Required work:
Where a picture shows up in the listing below, omit it and output the rest exactly.

Provided data:
+ + + + +
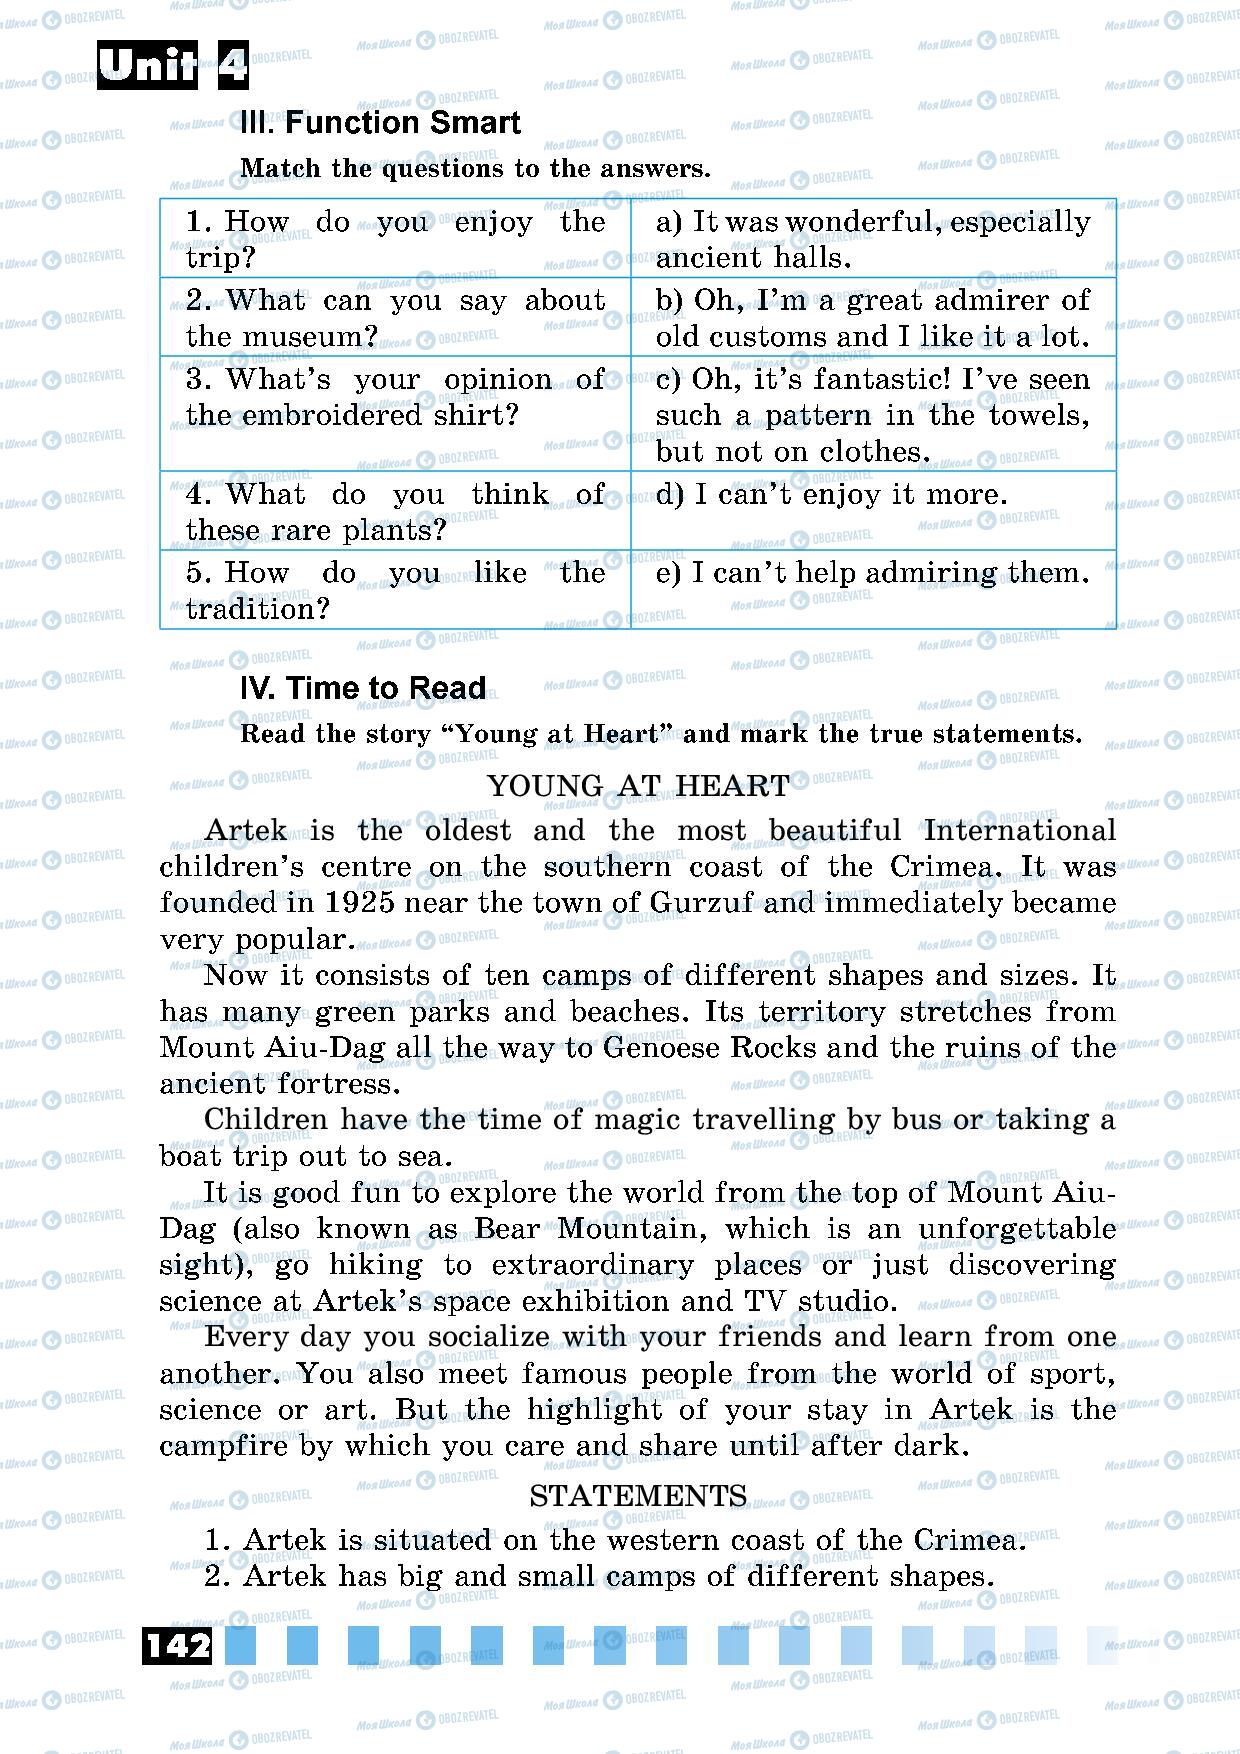 Підручники Англійська мова 5 клас сторінка 142
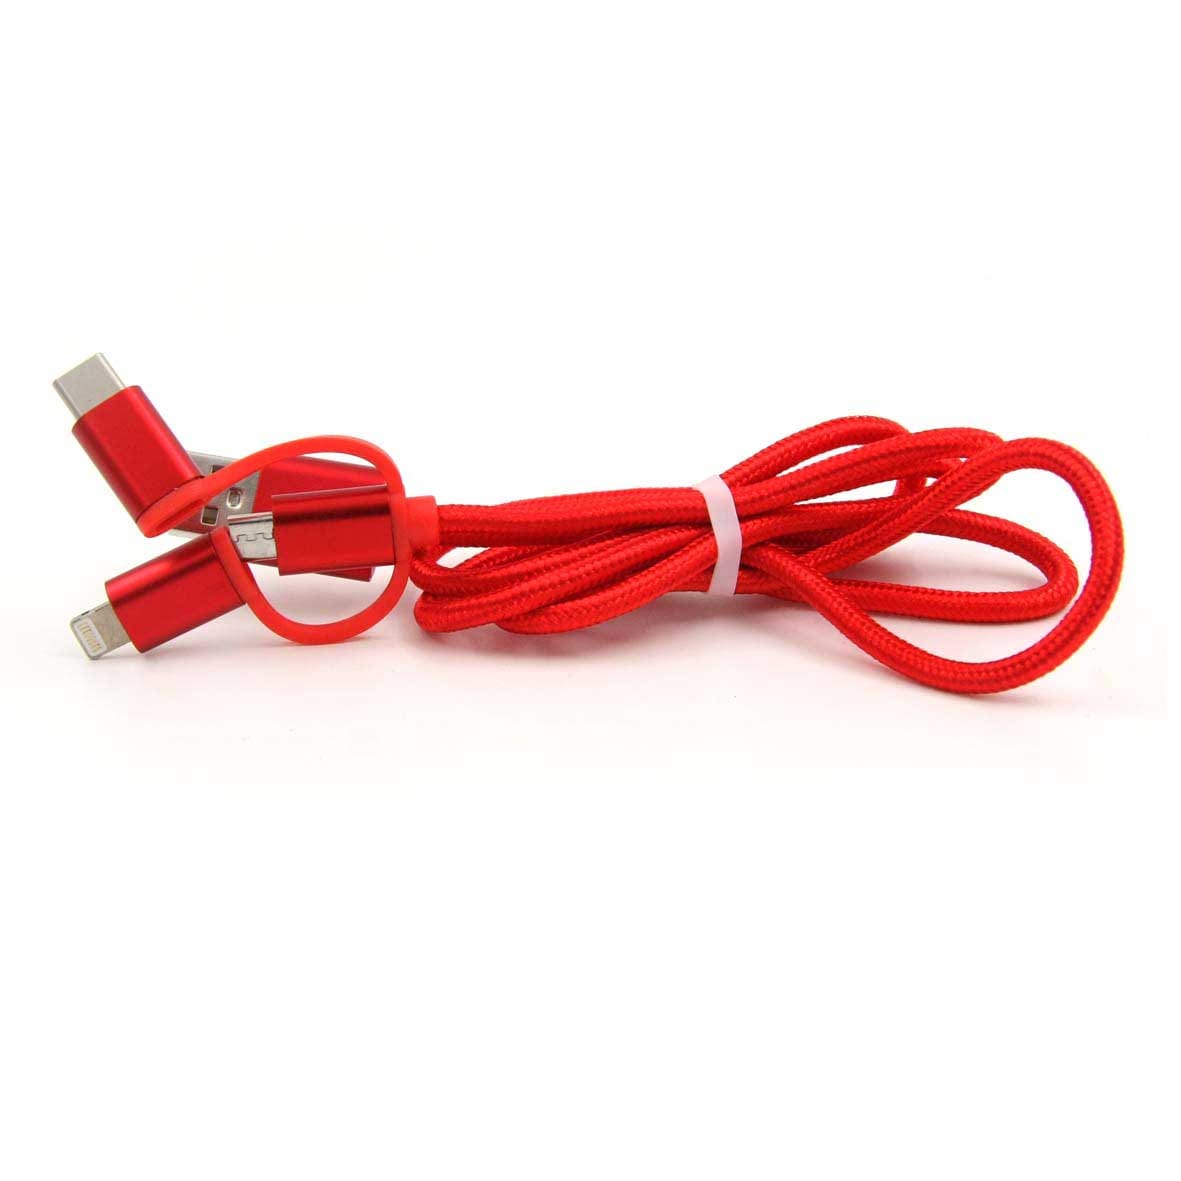 Cable USB 3 en 1 para Carga y Transferencia de Datos iOS/Android
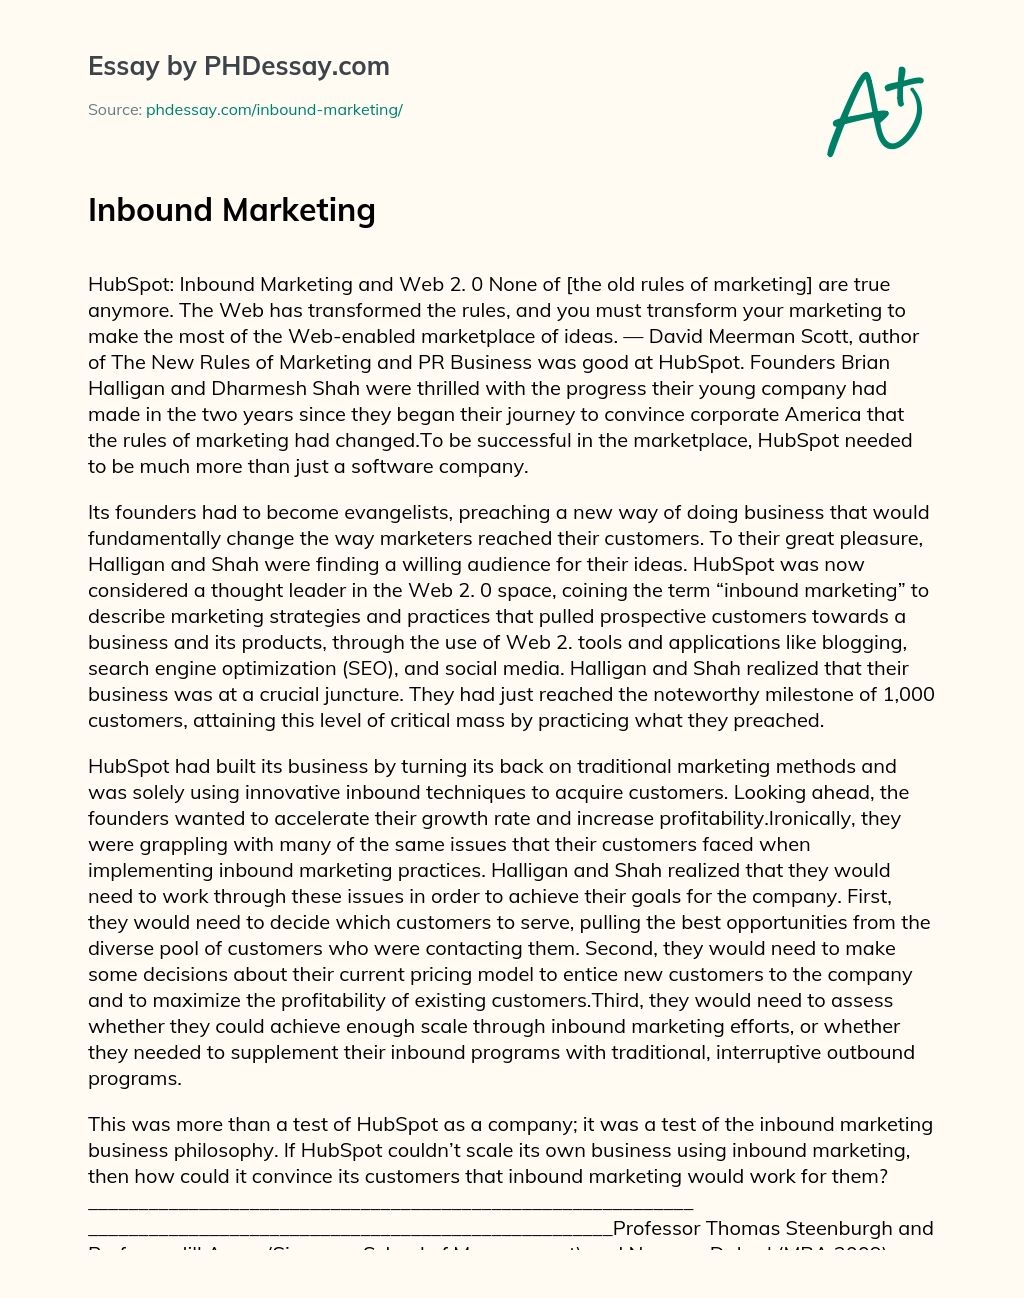 Inbound Marketing essay
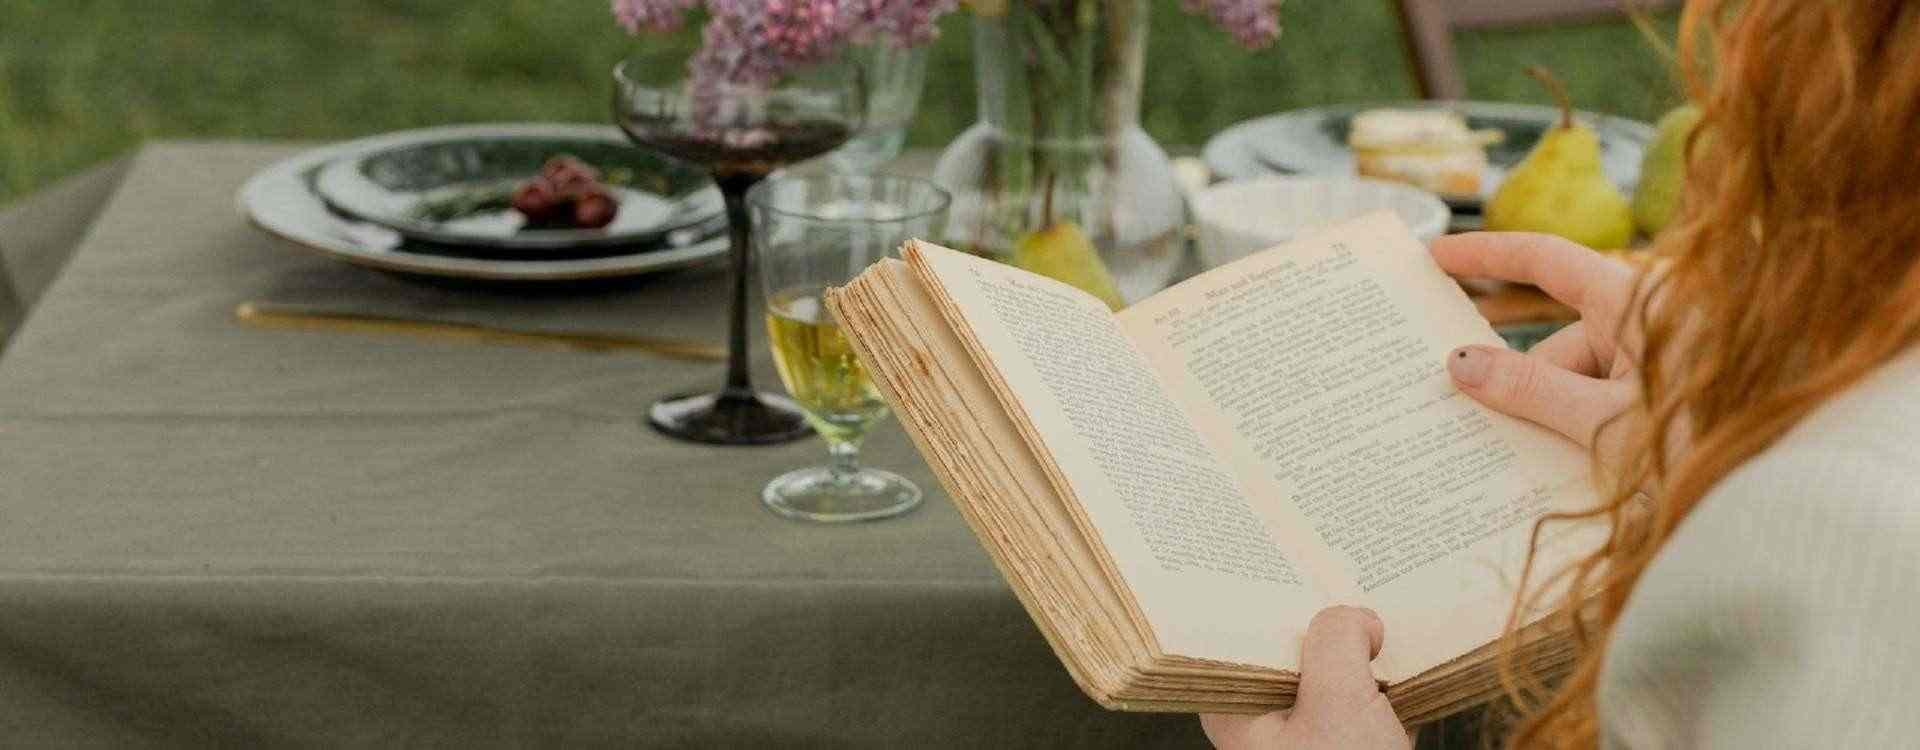 Cosa regalare quando si è invitati a cena? Un libro!
+ + + + +
Exercise answer:
 Підручники Англійська мова 5 клас сторінка 142
 Cable USB 3 en 1 para Carga y Transferencia de Datos iOS/Android
 Inbound Marketing essay
 Cosa regalare quando si è invitati a cena? Un libro!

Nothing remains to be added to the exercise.